This is a mischaracterization. The thread-local path is perfectly safe because only one thread can be accessing the data. That's why it's thread-local and not shared.

> 2. I will trade that for confidence in safe interaction every day of
> the week. Safety is the right default position here.

You can be confident that any shared data is properly synchronized via the API provided. No confidence should be lost here.

> 2. You just need to make the unsafe thread-exclusive variant explicit, eg:

It is explicit, the thread-exclusive variant is not marked shared, and cannot be called on data that is actually shared and needs synchronization.

> 
>> struct ThreadSafe
>> {
>>      private int x;
>>      void unsafeIncrement() // <- make it explicit
>>      {
>>         ++x; // User has asserted that no sharing is possible, no reason to use atomics
>>      }
>>      void increment() shared
>>      {
>>         atomicIncrement(&x); // object may be shared
>>      }
>> }

This is more design by convention.

> 
> I think this is quiet a reasonable and clearly documented compromise.
> I think absolutely-reliably-threadsafe-by-default is the right default
> position.

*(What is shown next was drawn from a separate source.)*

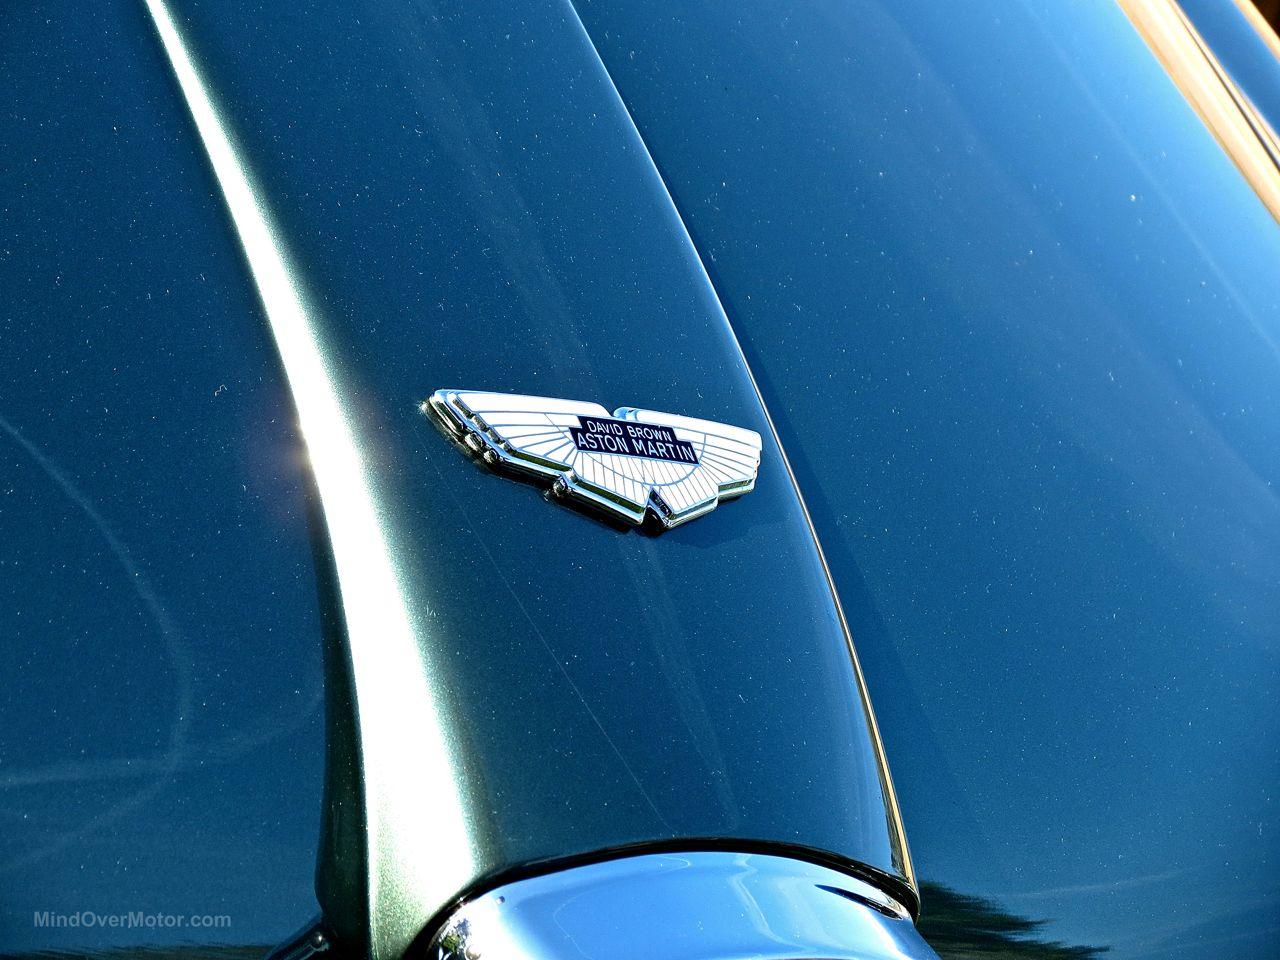 Aston Martin DB4 GT Zagato Amelia Island 15

And if you want to accept unsafe operations for optimsation
> circumstances, then you're welcome to deploy that in your code as you
> see fit.

All thread-local operations are thread-safe by default, because there can be only one thread using it. That is the beauty of the current regime, regardless of how broken shared is -- unshared is solid. We shouldn't want to break that guarantee.

> If the machinery is not a library for distribution and local to your
> application, and you know for certain that your context is such that
> thread-local and shared are mutually exclusive, then you're free to
> make the unshared overload not-threadsafe; you can do this because you
> know your application context.
> You just shouldn't make widely distributed tooling this way.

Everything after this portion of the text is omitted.